Leung F Y, Henderson A R
Clin Chem. 1982 Oct;28(10):2139-43.
This method for determining aluminum in serum and urine is essentially free from matrix interference and gives a linear response with concentration to at least 500 micrograms/l. Use of a stabilized temperature platform (L'vov platform, Perkin-Elmer Corp.) to approach a "steady-state" temperature, addition of matrix modifiers [especially Mg(NO3)2], and the use of peak area integration all helped substantially diminish spectral interference. With the platform furnace, serum protein concentrations as great as 260 g/L did not interfere with the determination of Al. The within- and between-assay precision (CV) was less than or equal to 3.5% and less than or equal to 7.4%, respectively. Analytical recovery of Al added to serum ranged between 95 and 101% throughout the linear calibration range (to 500 micrograms/L), either when measured directly from the standard curve or by the method of standard additions. The reference interval for Al in 28 healthy subjects was 2-14 micrograms/L (mean 6.5, SD 4.1 micrograms/L), and for 130 patients on hemodialysis, 20-550 micrograms/L (mean 87.5, SD 62.5 micrograms/L).

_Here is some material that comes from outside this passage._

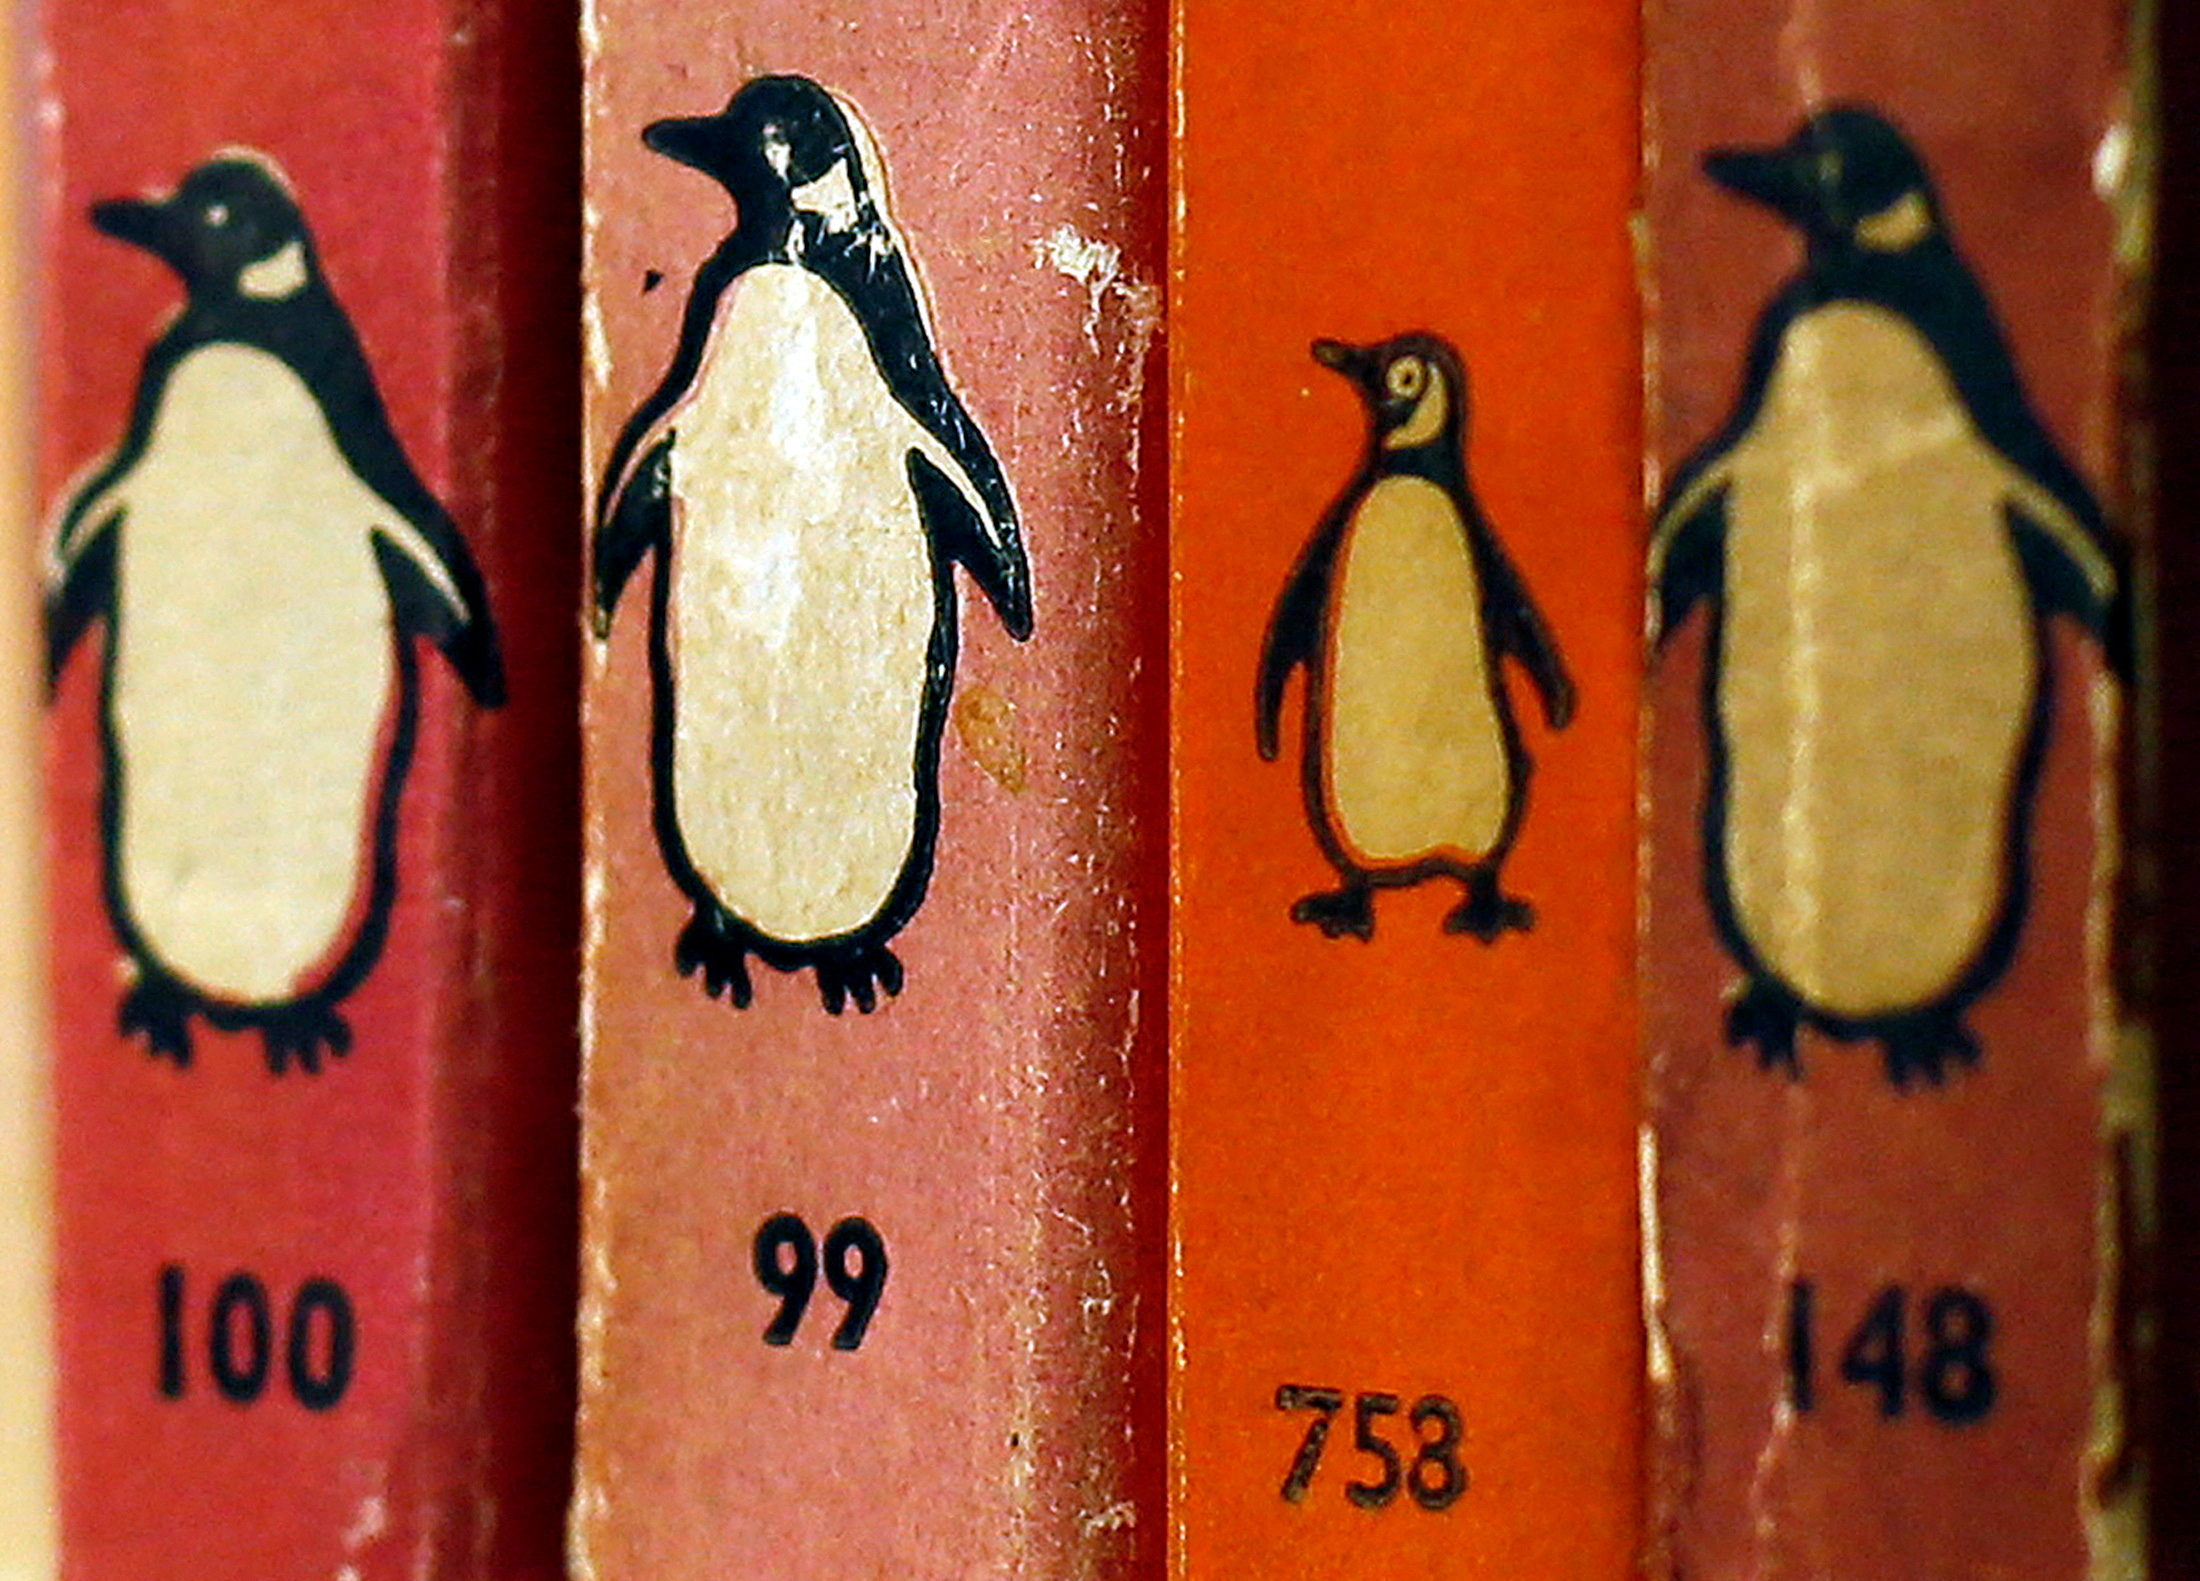 Penguin books (REUTERS/Stefan Wermuth)

这种测定血清和尿液中铝的方法基本不受基质干扰,在浓度至少为500微克/升时呈线性响应。使用稳定温度平台(L'vov平台,珀金埃尔默公司)来达到“稳态”温度、添加基质改性剂[尤其是Mg(NO3)2]以及使用峰面积积分都极大地有助于减少光谱干扰。使用平台炉时,高达260克/升的血清蛋白浓度不会干扰铝的测定。批内和批间精密度(CV)分别小于或等于3.5%和小于或等于7.4%。在整个线性校准范围内(至500微克/升),无论是直接从标准曲线测量还是通过标准加入法测量,添加到血清中的铝的分析回收率在95%至101%之间。28名健康受试者的铝参考区间为2 - 14微克/升(均值6.5,标准差4.1微克/升),130名血液透析患者的参考区间为20 - 550微克/升(均值87.5,标准差62.5微克/升)。